Exercise instructions: Here the job is to transcribe the data exactly while omitting the images.

Dataset excerpt:
- Opening Delimiter -

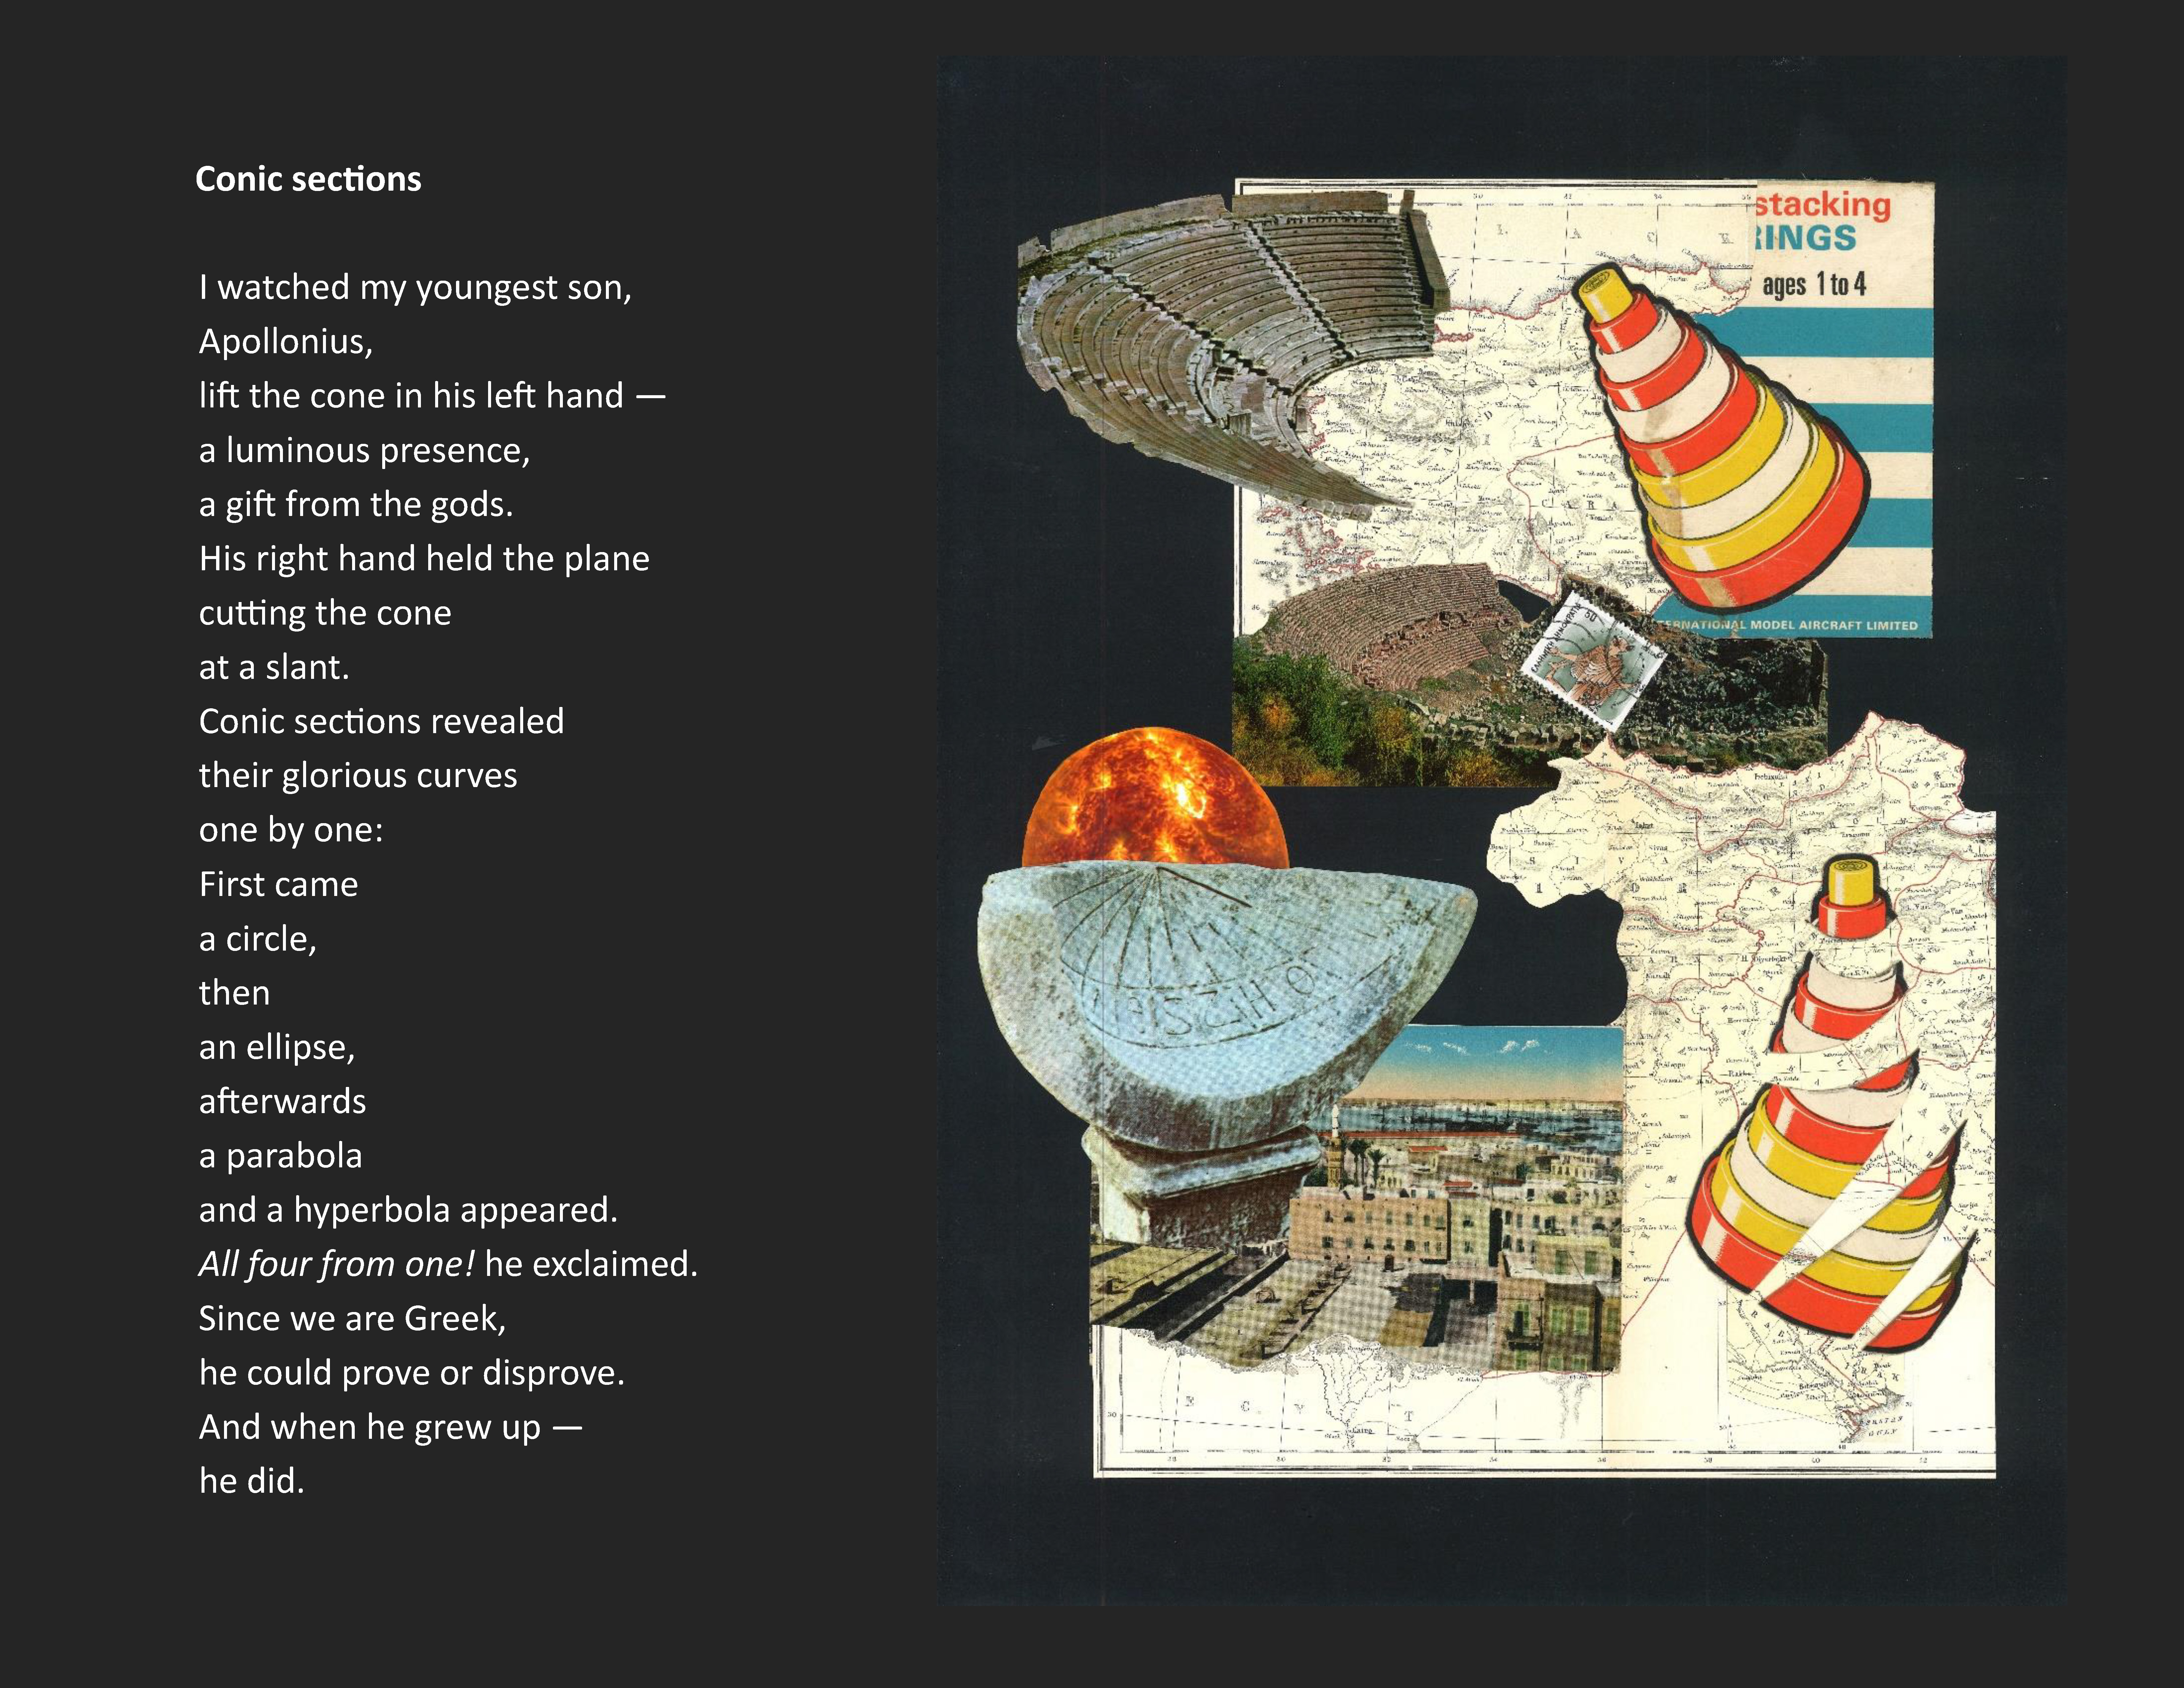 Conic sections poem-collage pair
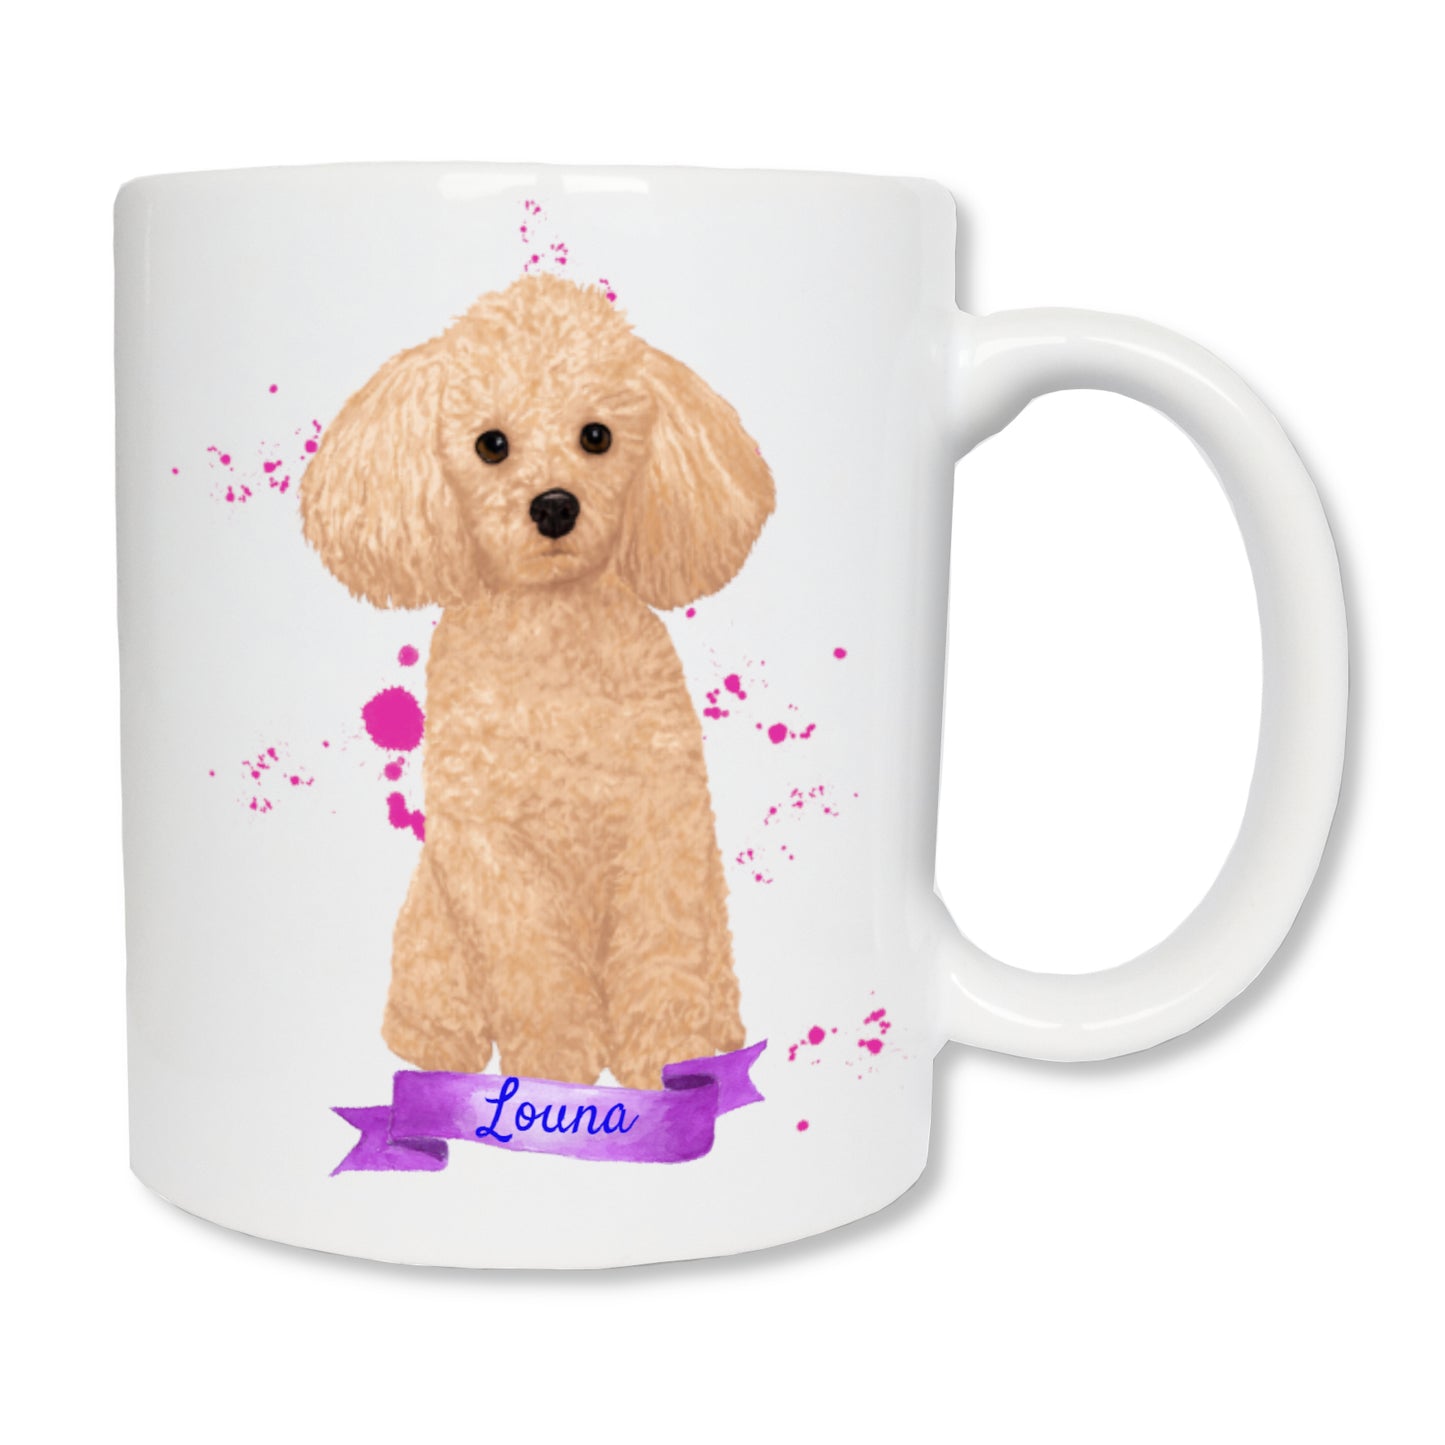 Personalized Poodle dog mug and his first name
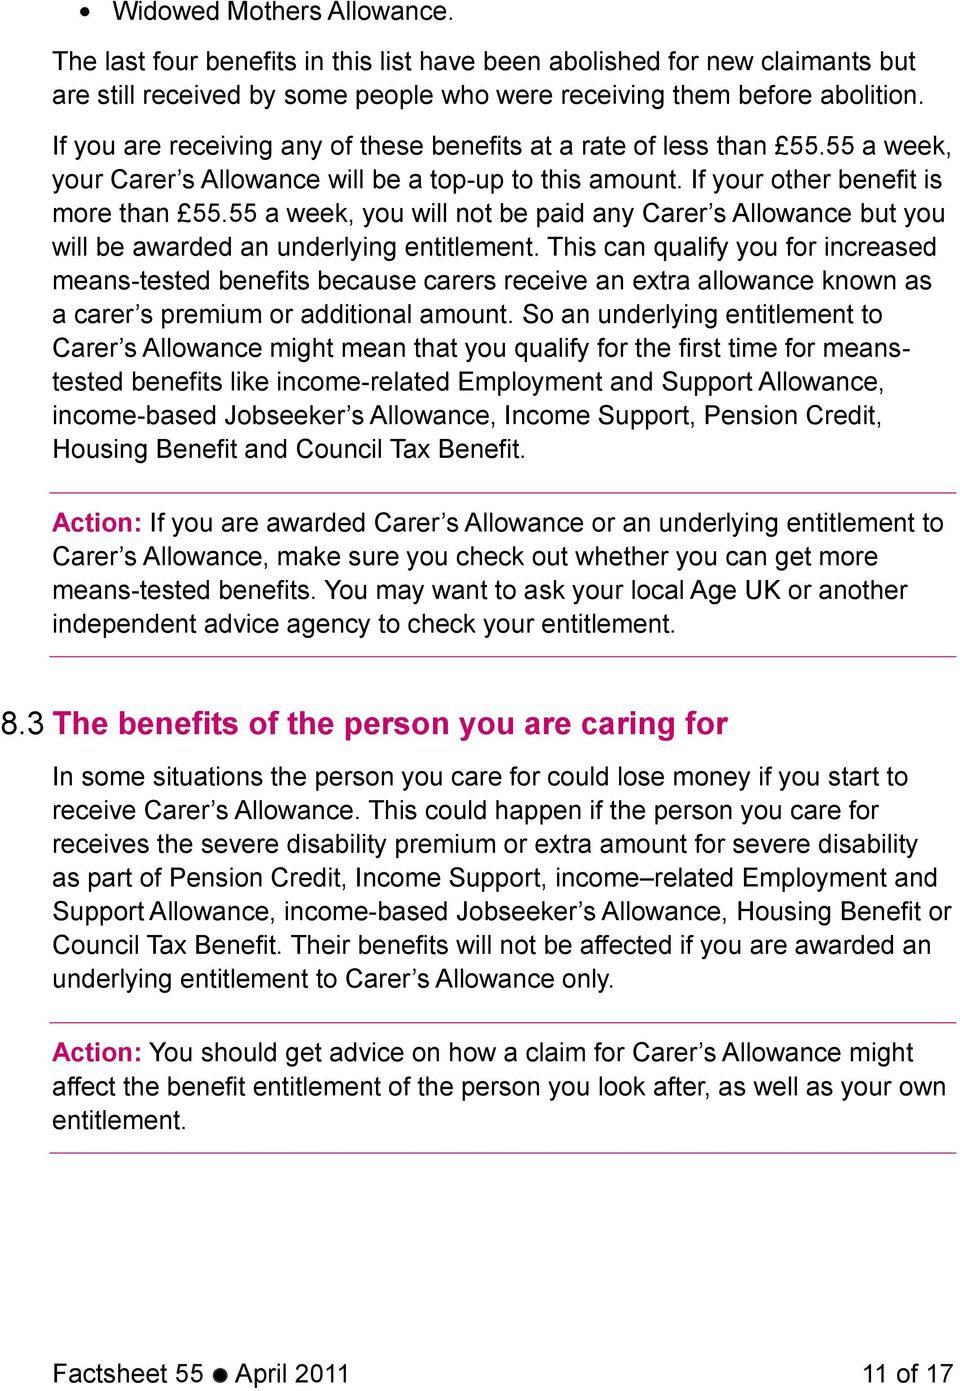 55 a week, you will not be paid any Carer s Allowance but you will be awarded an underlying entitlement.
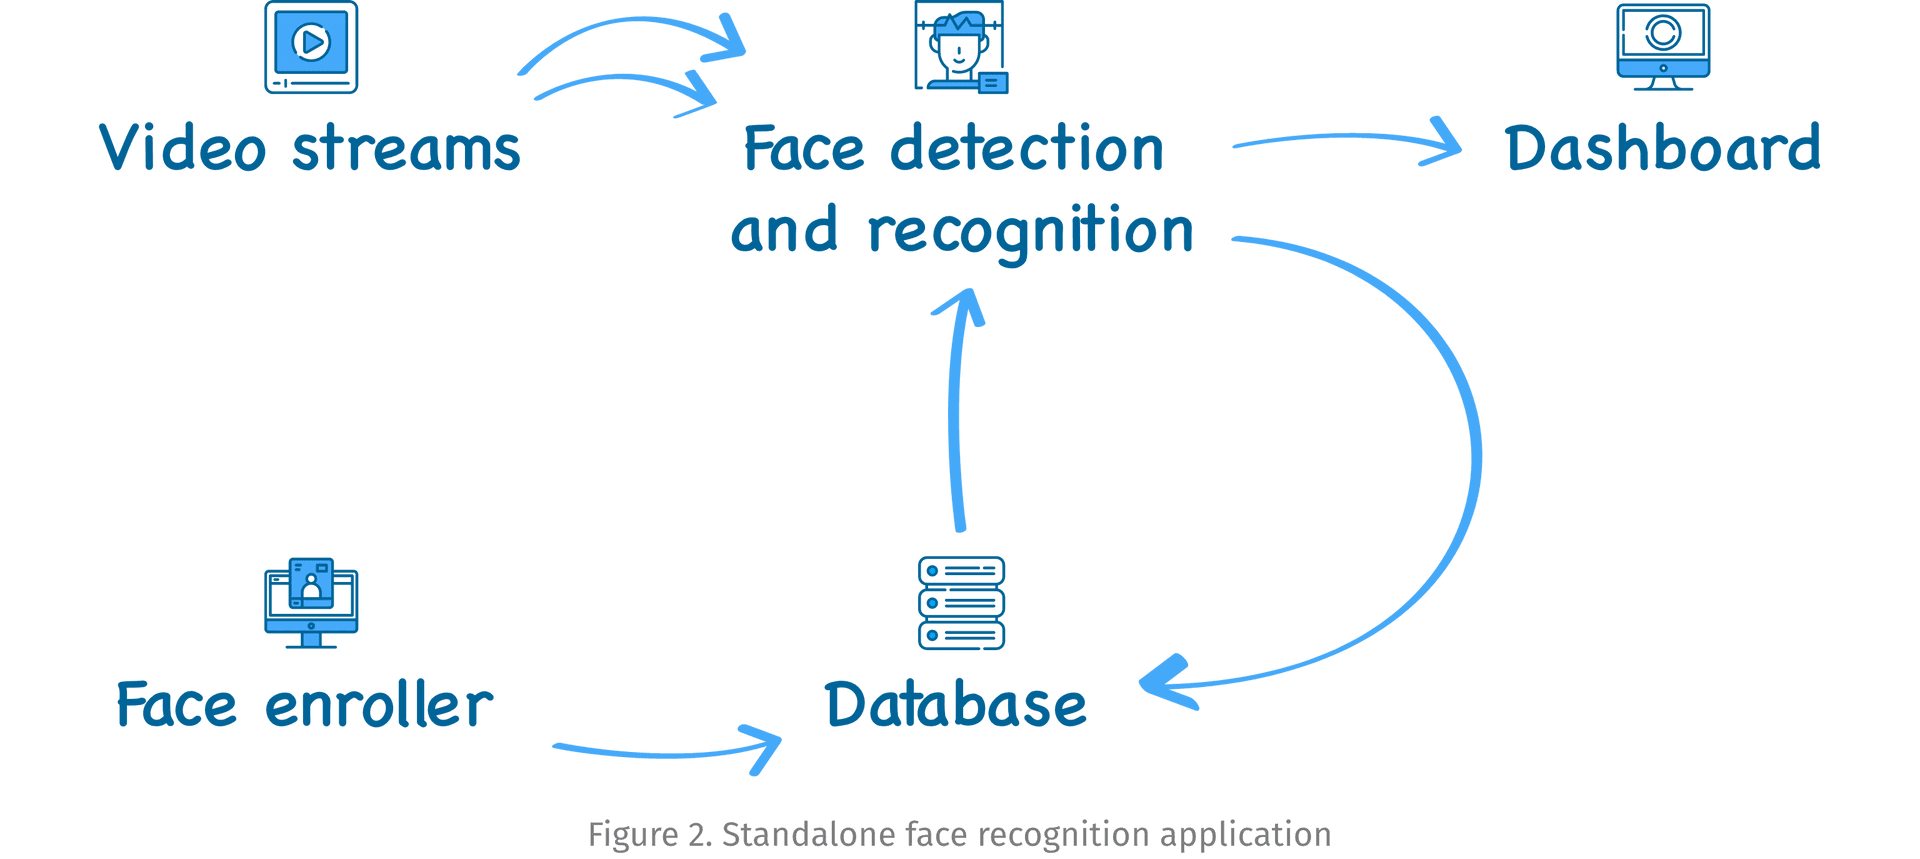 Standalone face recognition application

- Closing Delimiter -

Solution:
 Conic sections poem-collage pair
 Personalized Poodle dog mug and his first name
 55 a week, you will not be paid any Carer s Allowance but you will be awarded an underlying entitlement.
 Standalone face recognition application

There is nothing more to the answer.